Copy the data exactly from the line that contains "Gift Guide: 20" through the line that contains "A high quality", keeping both end lines and leaving out everything else.

▶ INPUT RECORDS
+ + + + + + +

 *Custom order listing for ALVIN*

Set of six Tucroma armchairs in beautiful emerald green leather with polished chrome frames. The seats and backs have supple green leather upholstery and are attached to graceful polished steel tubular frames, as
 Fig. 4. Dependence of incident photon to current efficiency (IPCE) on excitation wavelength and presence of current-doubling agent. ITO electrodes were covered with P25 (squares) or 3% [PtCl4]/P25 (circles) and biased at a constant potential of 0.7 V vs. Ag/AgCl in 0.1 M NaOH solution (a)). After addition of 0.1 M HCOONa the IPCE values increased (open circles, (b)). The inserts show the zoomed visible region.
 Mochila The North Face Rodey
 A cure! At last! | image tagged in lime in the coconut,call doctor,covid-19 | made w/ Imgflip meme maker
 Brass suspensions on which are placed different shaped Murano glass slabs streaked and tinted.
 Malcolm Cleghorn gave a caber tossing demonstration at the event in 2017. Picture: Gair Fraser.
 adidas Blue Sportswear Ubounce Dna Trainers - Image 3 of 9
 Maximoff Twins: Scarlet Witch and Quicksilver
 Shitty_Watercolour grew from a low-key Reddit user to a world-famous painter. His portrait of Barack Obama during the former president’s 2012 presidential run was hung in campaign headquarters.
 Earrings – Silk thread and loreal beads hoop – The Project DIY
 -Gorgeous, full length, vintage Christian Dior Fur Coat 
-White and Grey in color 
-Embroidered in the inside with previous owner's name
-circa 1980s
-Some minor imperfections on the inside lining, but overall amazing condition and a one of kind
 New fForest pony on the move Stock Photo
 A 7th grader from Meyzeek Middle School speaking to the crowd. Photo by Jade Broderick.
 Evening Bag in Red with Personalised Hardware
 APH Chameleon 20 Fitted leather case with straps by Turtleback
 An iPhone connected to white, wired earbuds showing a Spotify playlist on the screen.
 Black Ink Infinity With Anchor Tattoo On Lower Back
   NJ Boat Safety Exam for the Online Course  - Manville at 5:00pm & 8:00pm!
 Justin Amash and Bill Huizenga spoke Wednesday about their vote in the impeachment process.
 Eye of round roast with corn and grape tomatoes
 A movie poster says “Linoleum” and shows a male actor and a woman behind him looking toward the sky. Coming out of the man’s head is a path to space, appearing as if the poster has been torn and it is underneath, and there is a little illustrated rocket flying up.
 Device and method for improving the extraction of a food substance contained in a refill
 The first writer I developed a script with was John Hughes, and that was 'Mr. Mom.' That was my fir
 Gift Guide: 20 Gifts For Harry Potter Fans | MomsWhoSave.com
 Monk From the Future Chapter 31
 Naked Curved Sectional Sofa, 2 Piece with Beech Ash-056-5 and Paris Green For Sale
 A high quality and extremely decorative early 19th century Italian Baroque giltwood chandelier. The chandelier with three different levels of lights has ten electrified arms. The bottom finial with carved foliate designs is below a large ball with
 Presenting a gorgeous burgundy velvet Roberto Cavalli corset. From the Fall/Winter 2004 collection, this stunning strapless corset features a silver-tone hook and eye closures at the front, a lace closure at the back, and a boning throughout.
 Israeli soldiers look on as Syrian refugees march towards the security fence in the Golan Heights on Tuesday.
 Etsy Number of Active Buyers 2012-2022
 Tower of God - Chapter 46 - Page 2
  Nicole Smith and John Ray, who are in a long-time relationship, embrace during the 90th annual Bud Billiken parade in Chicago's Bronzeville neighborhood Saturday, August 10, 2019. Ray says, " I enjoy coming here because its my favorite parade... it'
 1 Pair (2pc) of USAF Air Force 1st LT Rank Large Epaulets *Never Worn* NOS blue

+ + + + + + +

▶ EXERCISE RESPONSE
 Gift Guide: 20 Gifts For Harry Potter Fans | MomsWhoSave.com
 Monk From the Future Chapter 31
 Naked Curved Sectional Sofa, 2 Piece with Beech Ash-056-5 and Paris Green For Sale
 A high quality and extremely decorative early 19th century Italian Baroque giltwood chandelier. The chandelier with three different levels of lights has ten electrified arms. The bottom finial with carved foliate designs is below a large ball with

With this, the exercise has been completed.